FIG. 5 is a flow diagram showing in more detail how the packetizer 24 in FIG. 2 operates. The packetizer 22 is initialized for a given packet payload size in step 46. The packetizer 24 in step 48 packetizes encoded data from voice encoder 22 at the selected packet payload size. While packets are output by transmitter 26, the packetizer 24 in step 50 monitors the packet network 16 for congestion. Decision step 52 determines whether the current packet payload size is within a range compatible with the current network congestion condition. This is can be done using a table previously loaded into the packetizer 24. The table contains acceptable packet payload sizes for different end-to-end network delays.
 If the payload size is within range, the packetizer 24 jumps back to step 48 and continues to packetize audio data at the current payload size. If the current payload size is not within an acceptable range for the current network congestion, decision step 54 determines whether the current packet payload is either too small or too large.
 Decision step 54 decides whether the packet payload size is too small for the current end-to-end delay.
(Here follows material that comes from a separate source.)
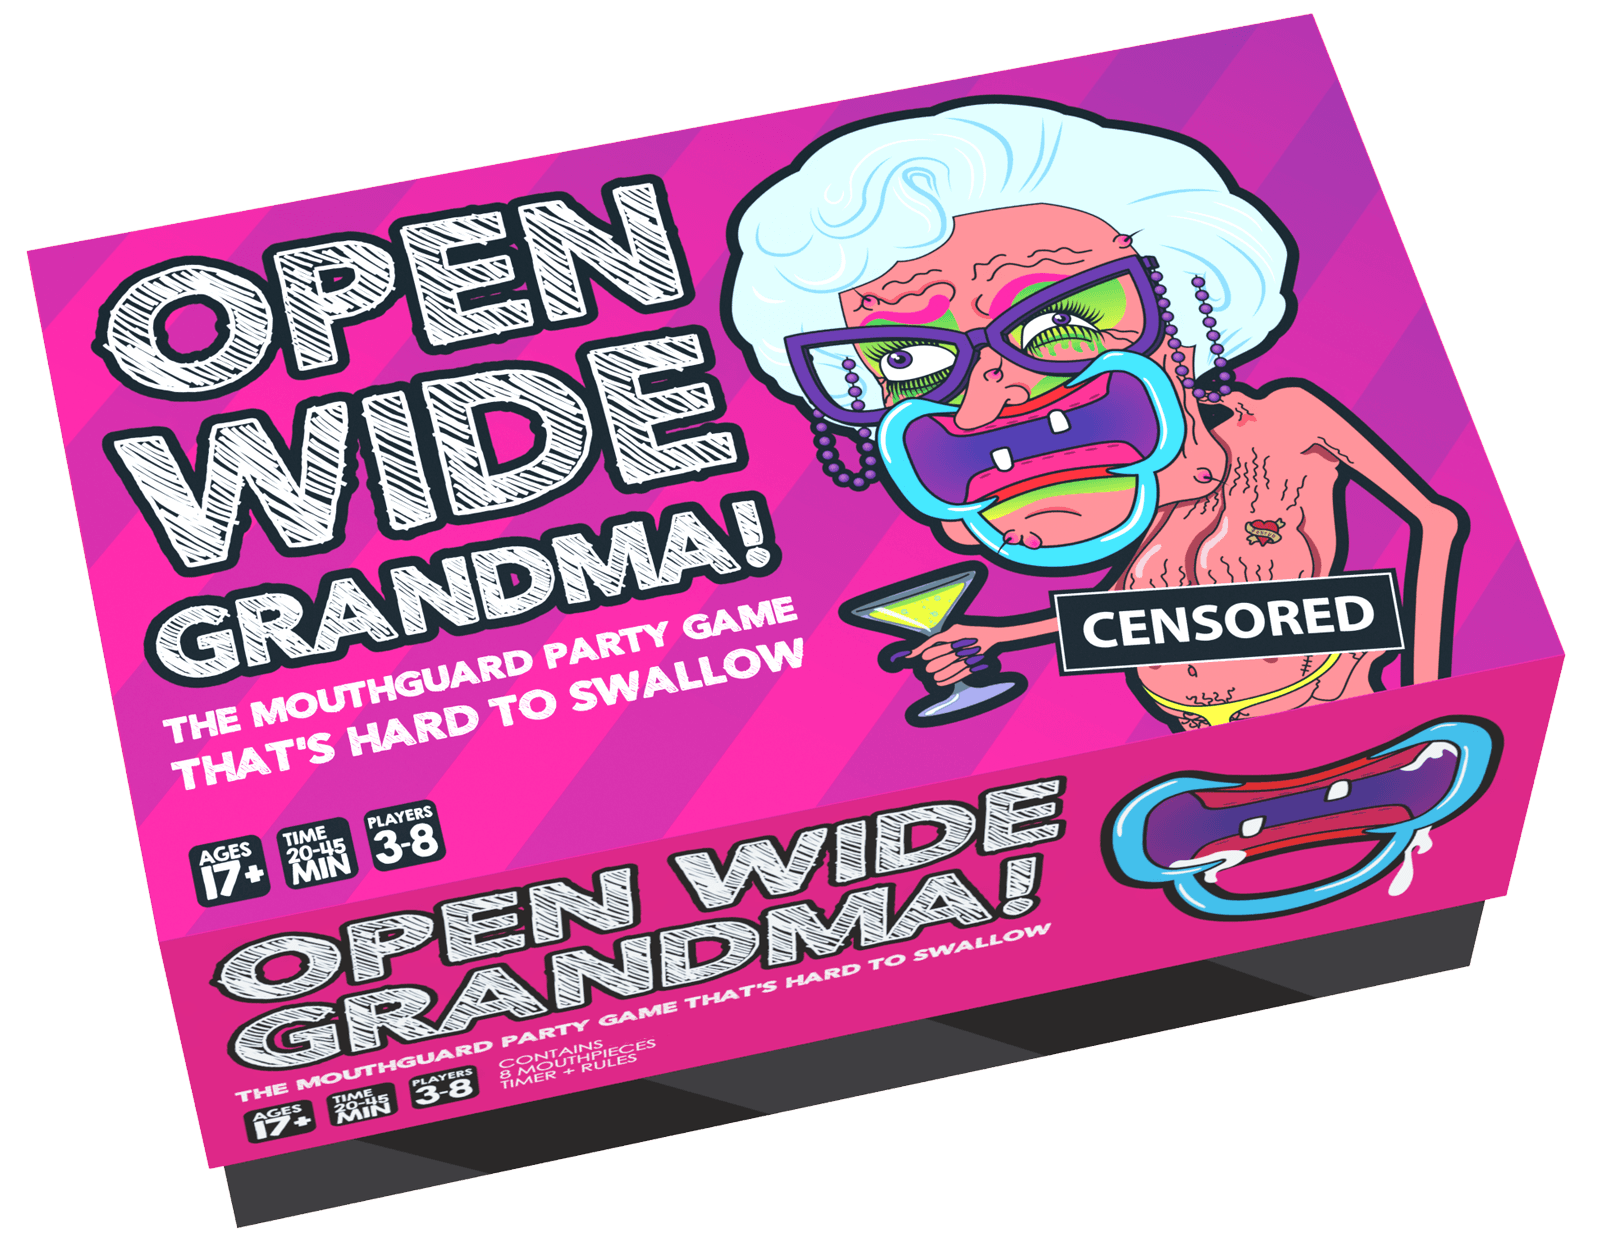 Open Wide Grandma

If so, the packetizer 24 automatically increases the audio packet payload size in step 56. If the packet payload is too large, the audio packet payload size is automatically decreased by the packetizer 24 in step 58. The packetizer then jumps back to step 48 and packetizes audio data at the new packet payload size.
FIG. 6 is a graph showing bandwidth consumption in a packet network for different header to payload ratios. Each line represents a different codec bit rates. This graph can be used as a reference in packetizer 24 for changing the packet payload size.
 The invention dynamically changes the overhead to packet payload ratio to more effectively adapt to current network congestion conditions. By improving network bandwidth efficiency, the quality of streaming and real-time data transmitted over the packet network is improved.
 Having described and illustrated the principles of the invention in a preferred embodiment thereof, it should be apparent that the invention can be modified in arrangement and detail without departing from such principles. I claim all modifications and variation coming within the spirit and scope of the following claims.